Task details:
Reproduce all of the data below without alteration; exclude every picture.

Recorded information:
══════════

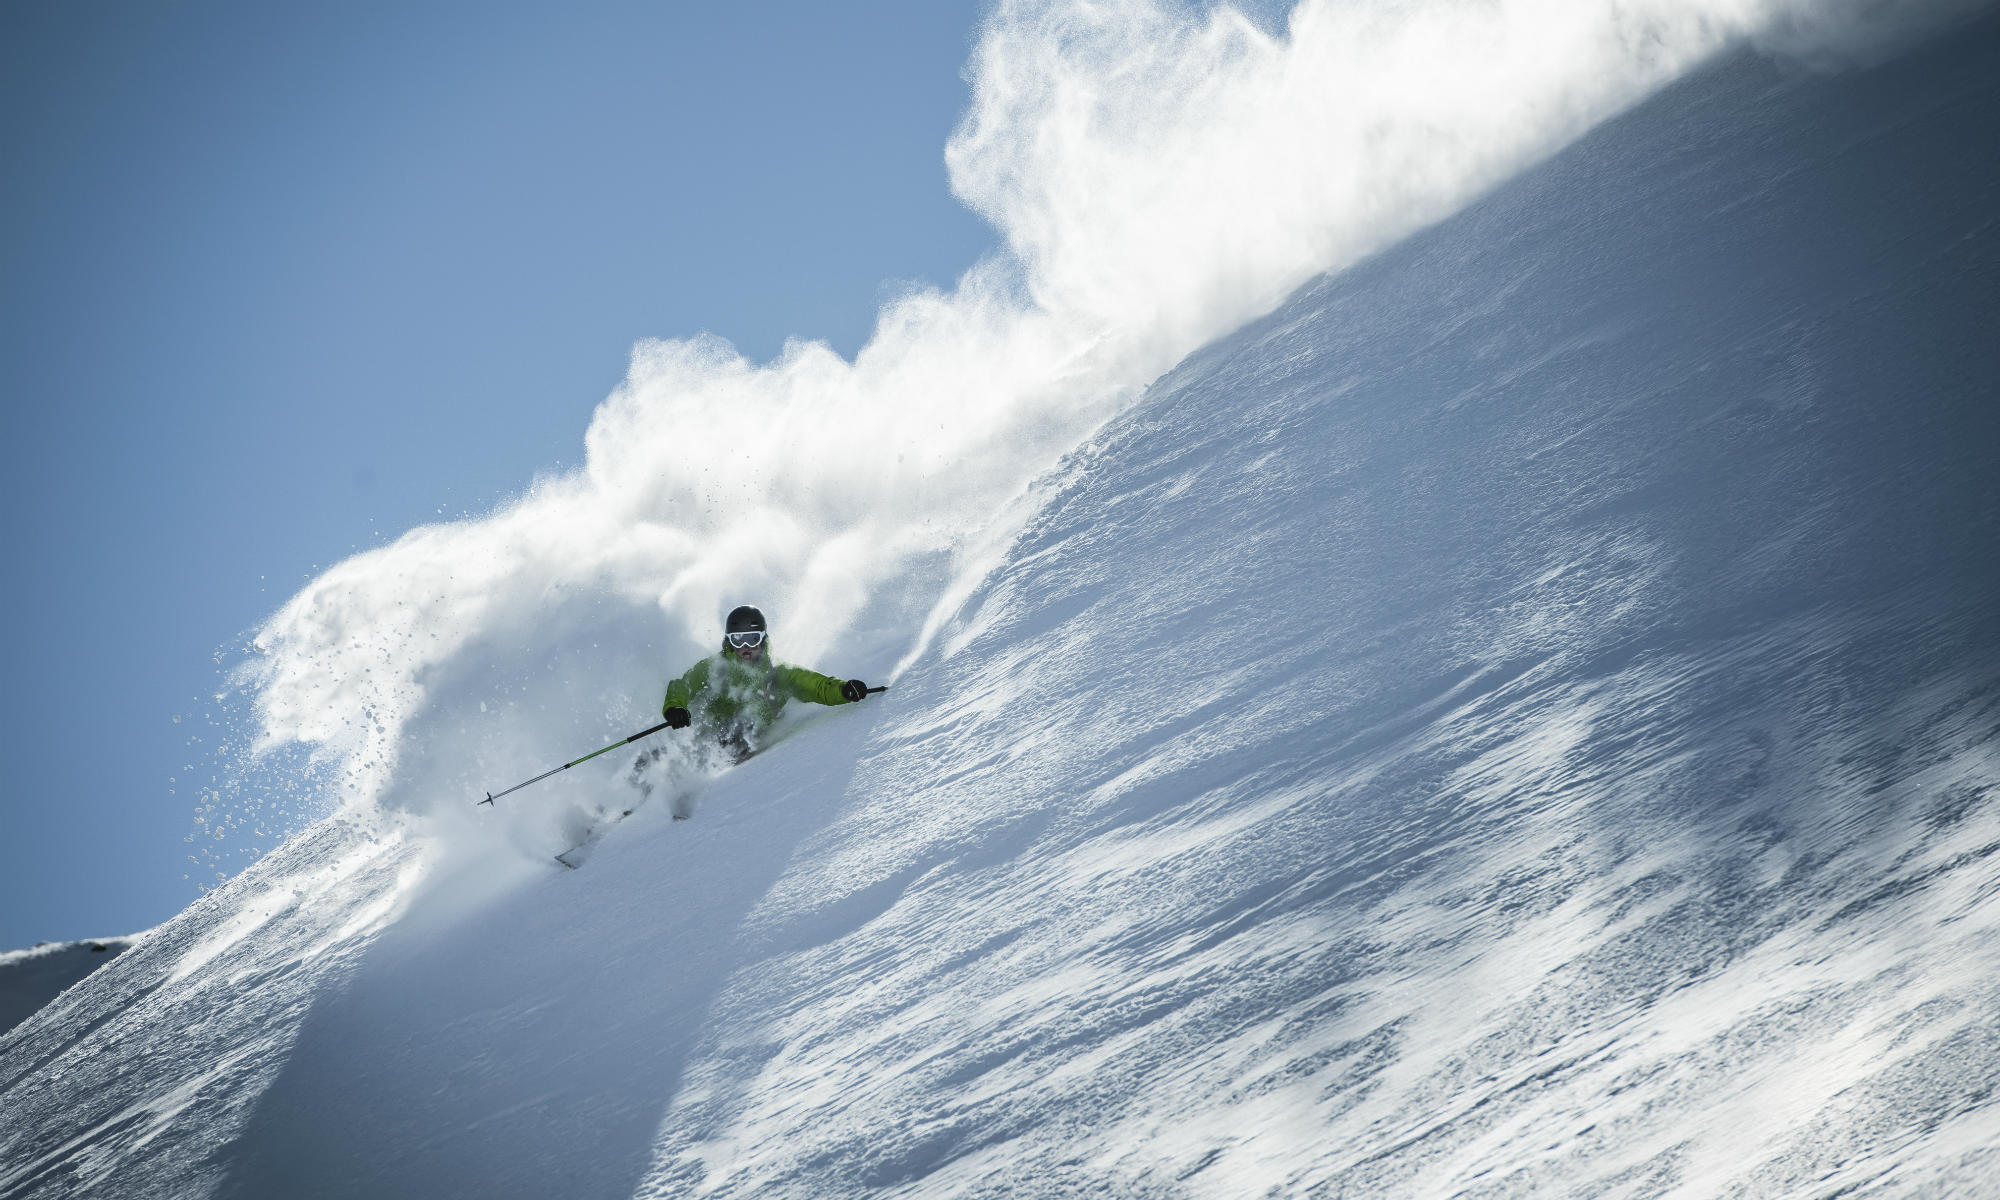 A freeride skier is skiing in deep powder snow.
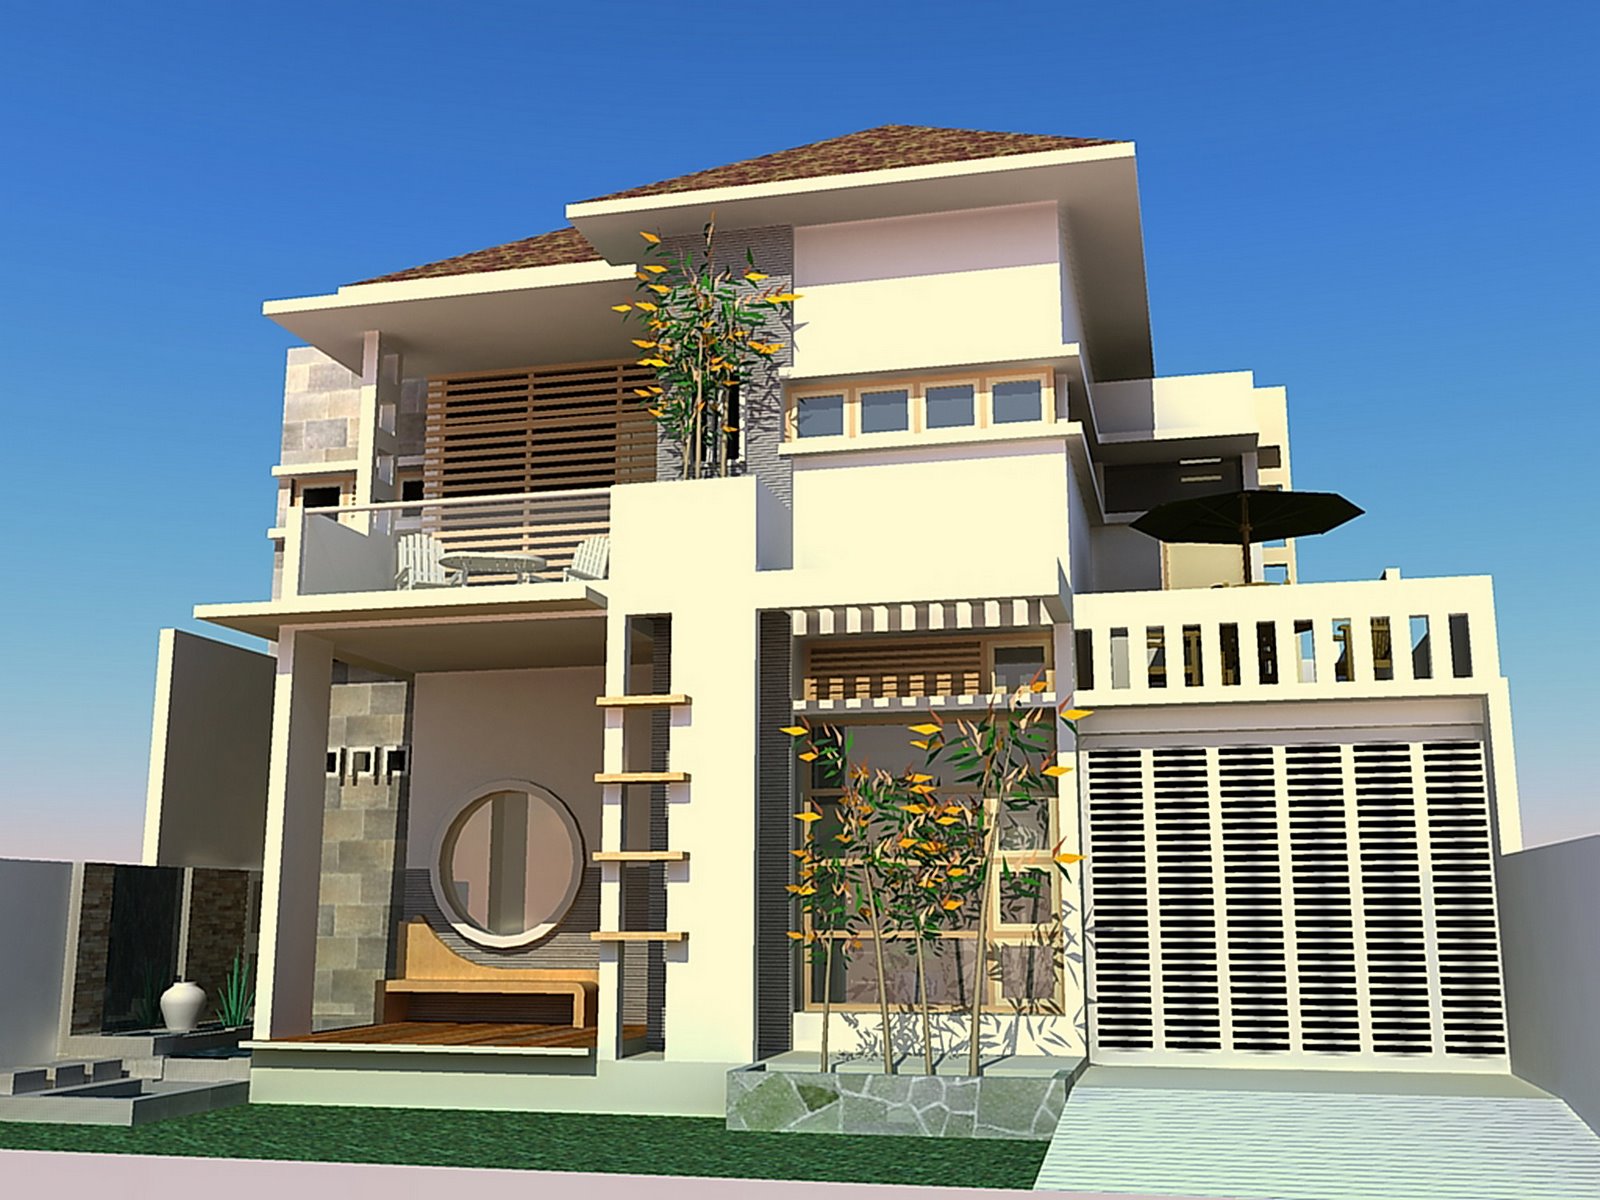 Desain Rumah Minimalis 2 Lantai Tampak Depan 2016 ...
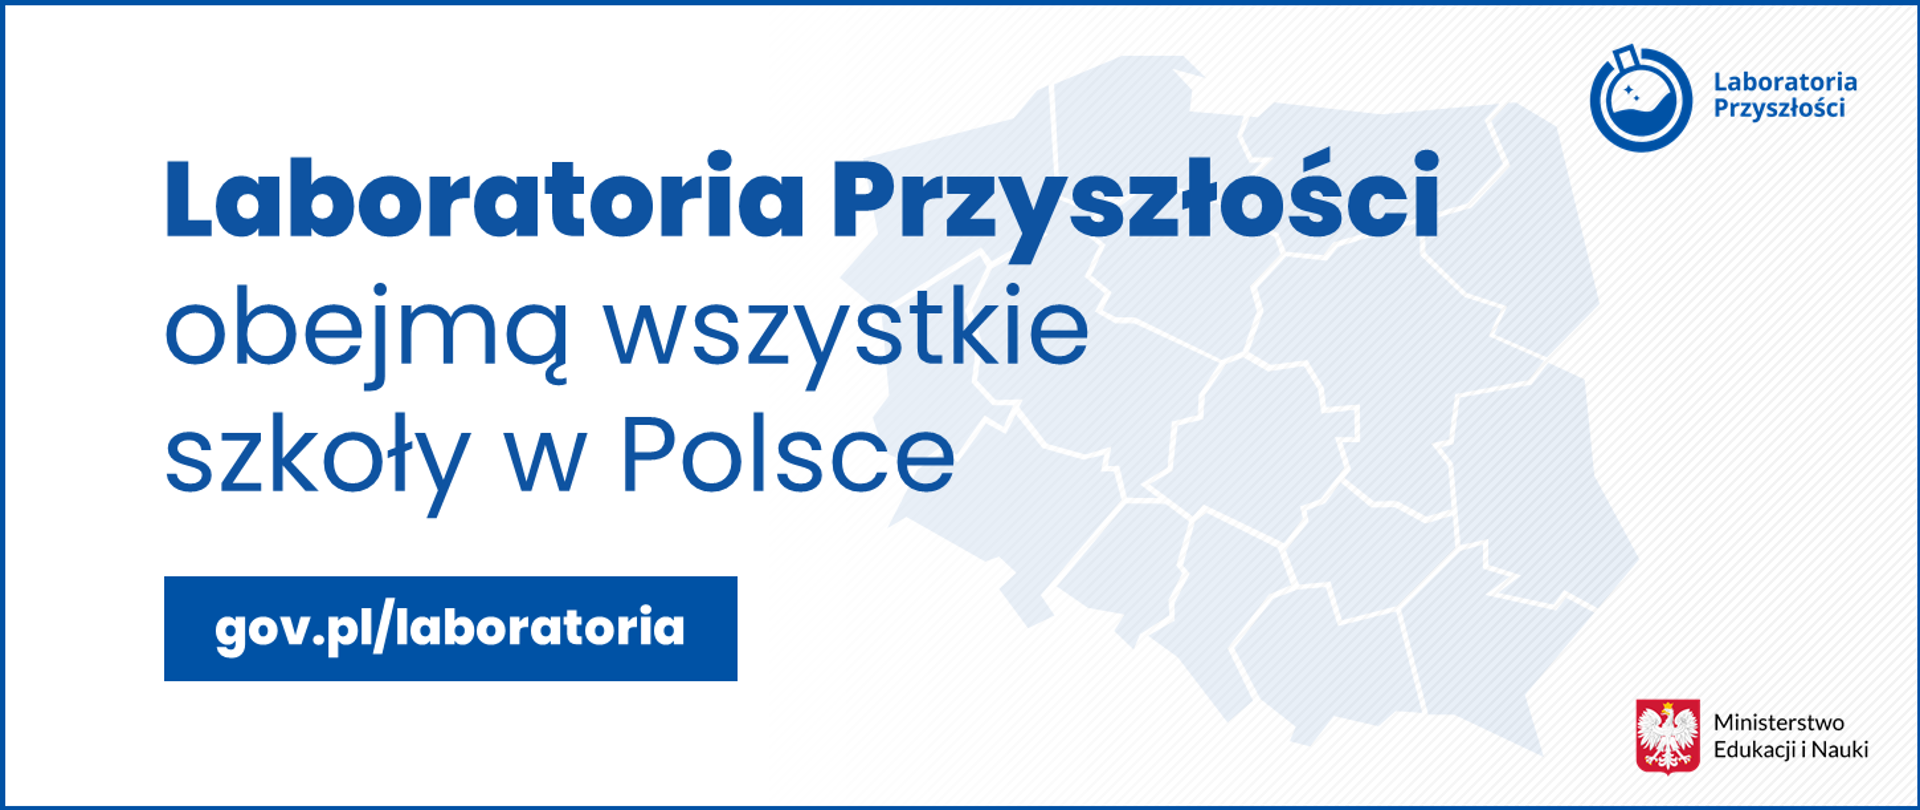 Grafika z mapą Polski i tekstem: Laboratoria Przyszłości obejmą wszystkie szkoły w Polsce - gov.pl/laboratoria.

══════════

Reply:
 A freeride skier is skiing in deep powder snow.
 Desain Rumah Minimalis 2 Lantai Tampak Depan 2016 ...
 Grafika z mapą Polski i tekstem: Laboratoria Przyszłości obejmą wszystkie szkoły w Polsce - gov.pl/laboratoria.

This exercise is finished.